Extra: source cvpharmacology.com
Effects on repolarization
Besides affecting phase 0 of action potentials, sodium-channel blockers may also alter the action potential duration (APD) and effective refractory period (ERP). Because some sodium-channel blockers increase the ERP (Class IA), while others decrease the ERP (Class IB) or have no effect on ERP (Class IC), the Vaughan-Williams classification recognizes these differences as subclasses of class 1 antiarrhythmic drugs. These effects on ERP are not directly related to sodium channel blockade, but instead are related to drug actions on potassium channels involved in phase 3 repolarization of action potentials. These channels regulate potassium efflux from the cell (K+ out), and therefore repolarization. The drugs in these subclasses also differ in their efficacy for reducing the slope of phase 0, with IC drugs having the greatest and IB drugs having the smallest effect on phase 0 (IA drugs are intermediate in their effect on phase 0). The following summarize these differences:
Sodium-channel blockade: IC > IA > IBIncreasing the ERP: IA > IC > IB (decreases)

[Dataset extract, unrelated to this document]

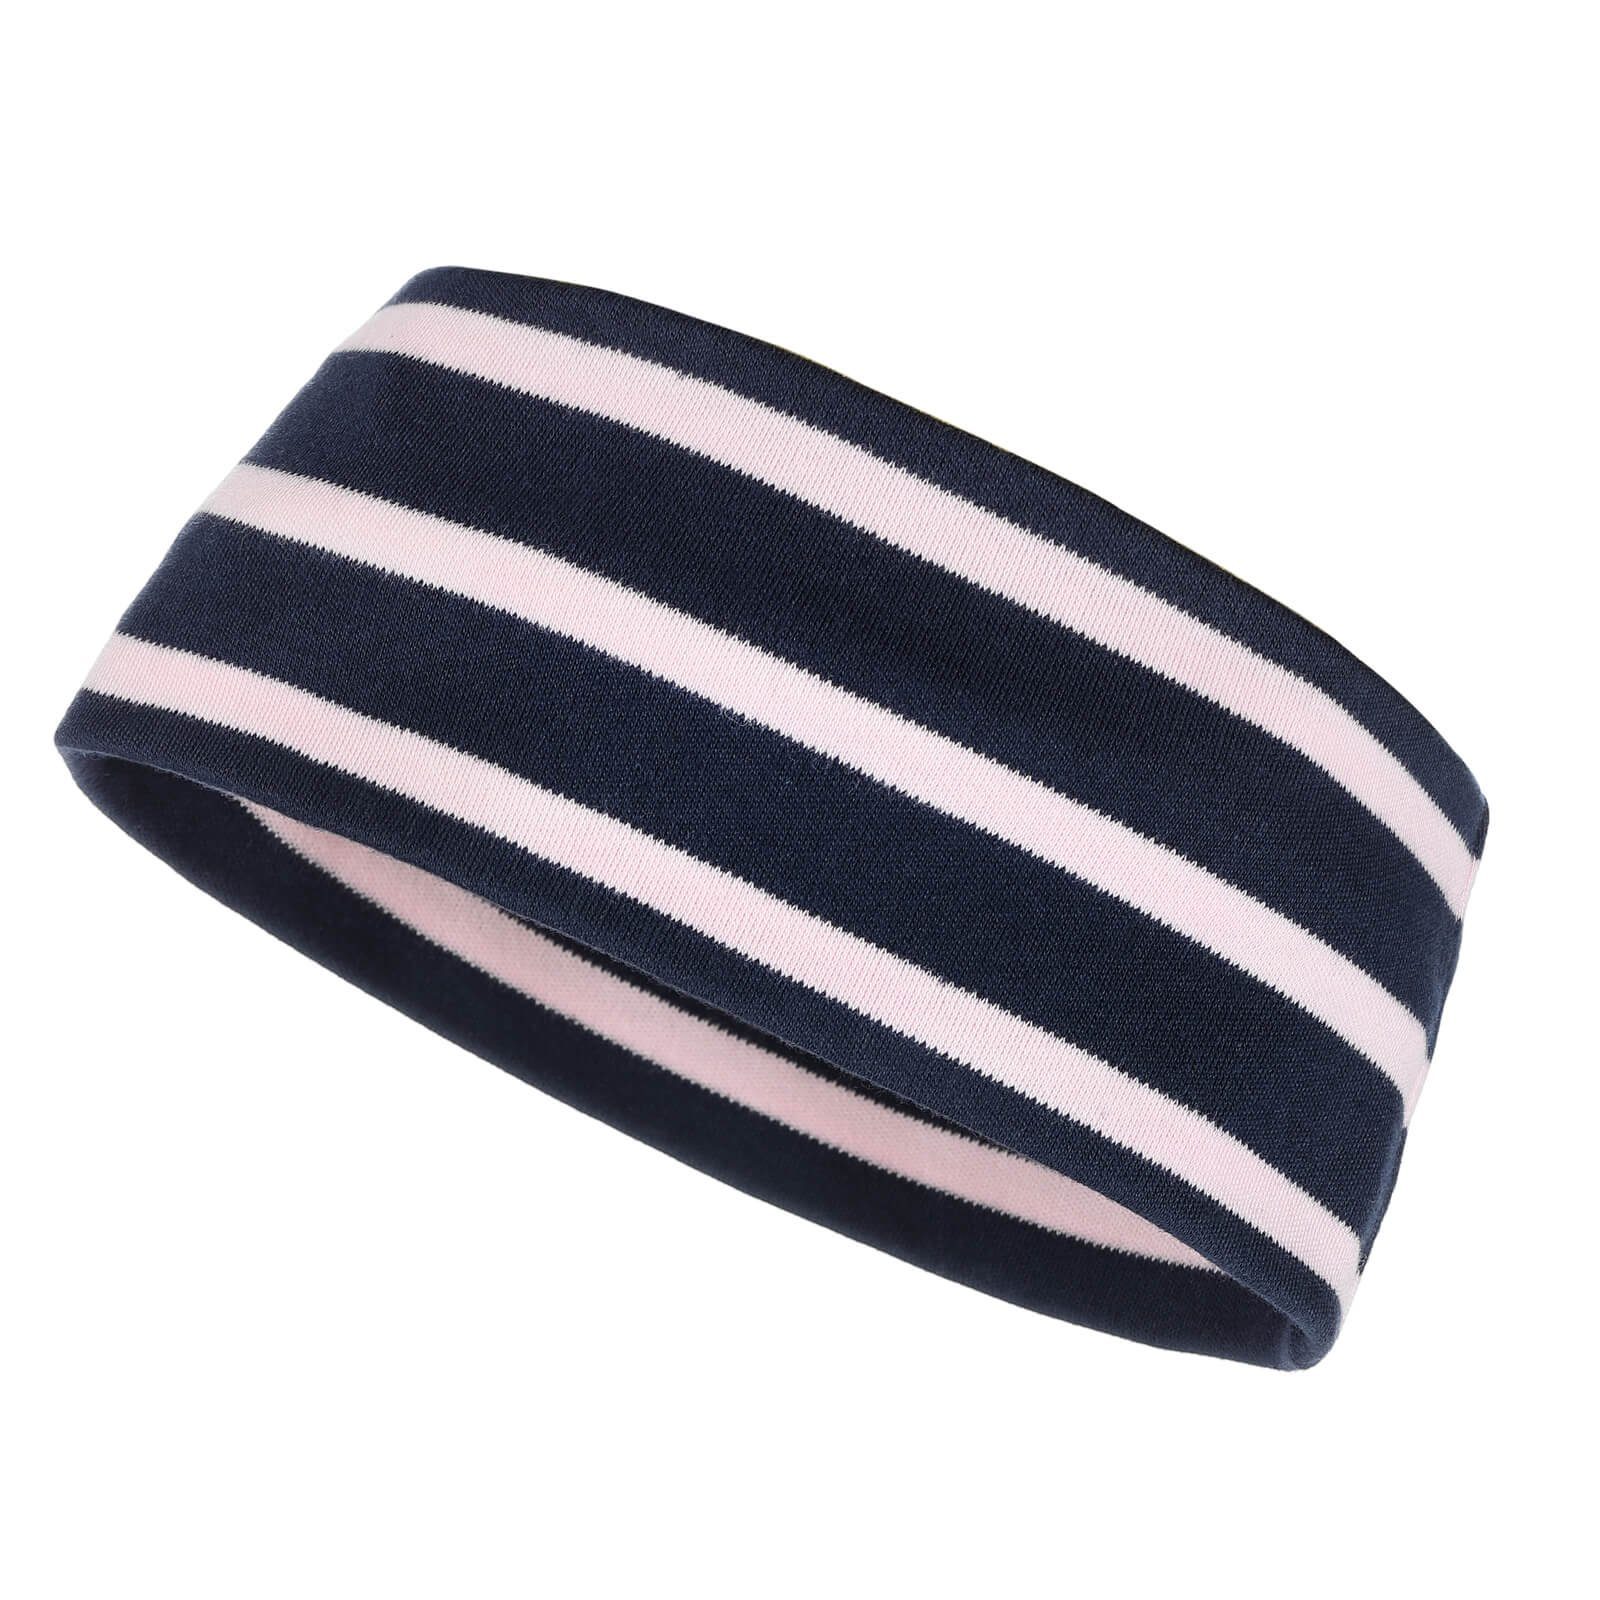 modAS Stirnband Unisex Kopfband Maritim für Kinder und Erwachsene zweilagig Baumwolle (43) blau / rosa

Increasing or decreasing the APD and ERP can either increase or decrease arrhythmogenesis, depending on the underlying cause of the arrhythmia. Increasing the ERP, for example, can interrupt tachycardia caused by re-entry mechanisms by prolonging the duration that normal tissue is unexcitable (its refractory period). This can prevent re-entry currents from re-exciting the tissue. On the other hand, increasing the APD can precipitate torsades de pointes, a type of ventricular tachycardia caused by afterdepolarizations.
Regarding digoxin, which of the following answers are correct?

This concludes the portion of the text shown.